Strategic focus and clinical pipeline

• Developing stem cell therapies for life-threatening conditions in children and the elderly, targeting rare pediatric and chronic aging-related diseases.

• Clinical pipeline includes Hypoplastic Left Heart Syndrome (HLHS), Pediatric Dilated Cardiomyopathy (PDCM), Alzheimer's disease (AD), and Aging-related Frailty (AF).

• Positive initial results in five clinical trials across three indications, with a well-established safety profile.

• Multiple FDA designations: HLHS (Orphan Drug, Fast Track, Rare Pediatric Disease), AD (RMAT, Fast Track).

• Large U.S. market opportunities: HLHS ($1B), PDCM ($1B+), AD ($5B+), AF ($4B+).

Laromestrocel (Lomecel-B) product and mechanism

• Allogeneic mesenchymal stem cell therapy derived from healthy young adult bone marrow, culture-expanded and cryopreserved for off-the-shelf use.

• Demonstrates pro-vascular, pro-regenerative, and anti-inflammatory mechanisms, supporting tissue repair and healing.

• Shown to be immuno-evasive, with enhanced safety and convenient administration.

• Mechanisms support use in diseases with endothelial dysfunction, inflammation, fibrosis, and need for endogenous repair.

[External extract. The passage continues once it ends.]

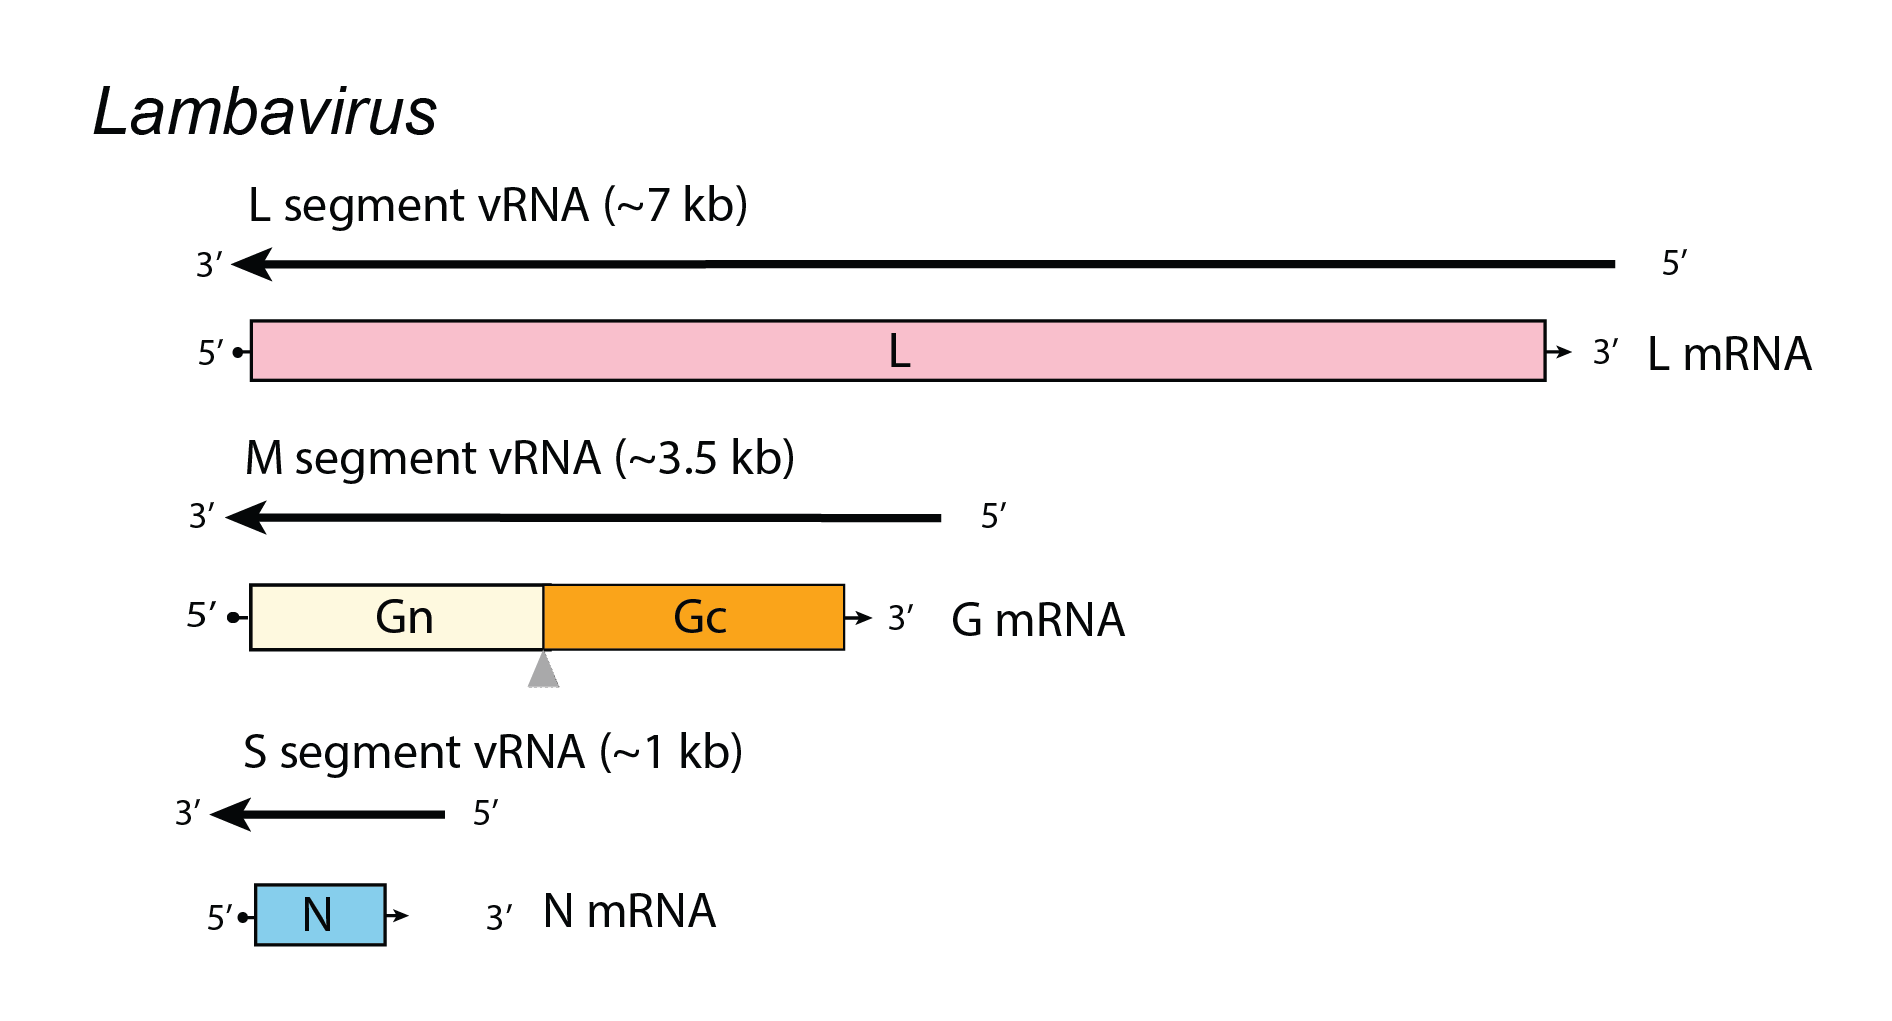 Lambavirus genome organisation

Clinical highlights by indication

• HLHS: Ongoing pivotal Phase 2b trial (ELPIS II) fully enrolled; ELPIS I showed 100% transplant-free survival at 5 years post-surgery, compared to 80% in historical controls.

• PDCM: IND approved July 2025; FDA supports direct progression to pivotal Phase 2b/3 trial.

• AD: Completed Phase 2a (CLEAR MIND) with positive safety and efficacy; RMAT and Fast Track designations; pivotal Phase 2/3 trial planned for 2H 2026.

• AF: Completed Phase 2b showing significant improvement in physical endurance (6MWT) and dose-response; no serious adverse events attributed to treatment.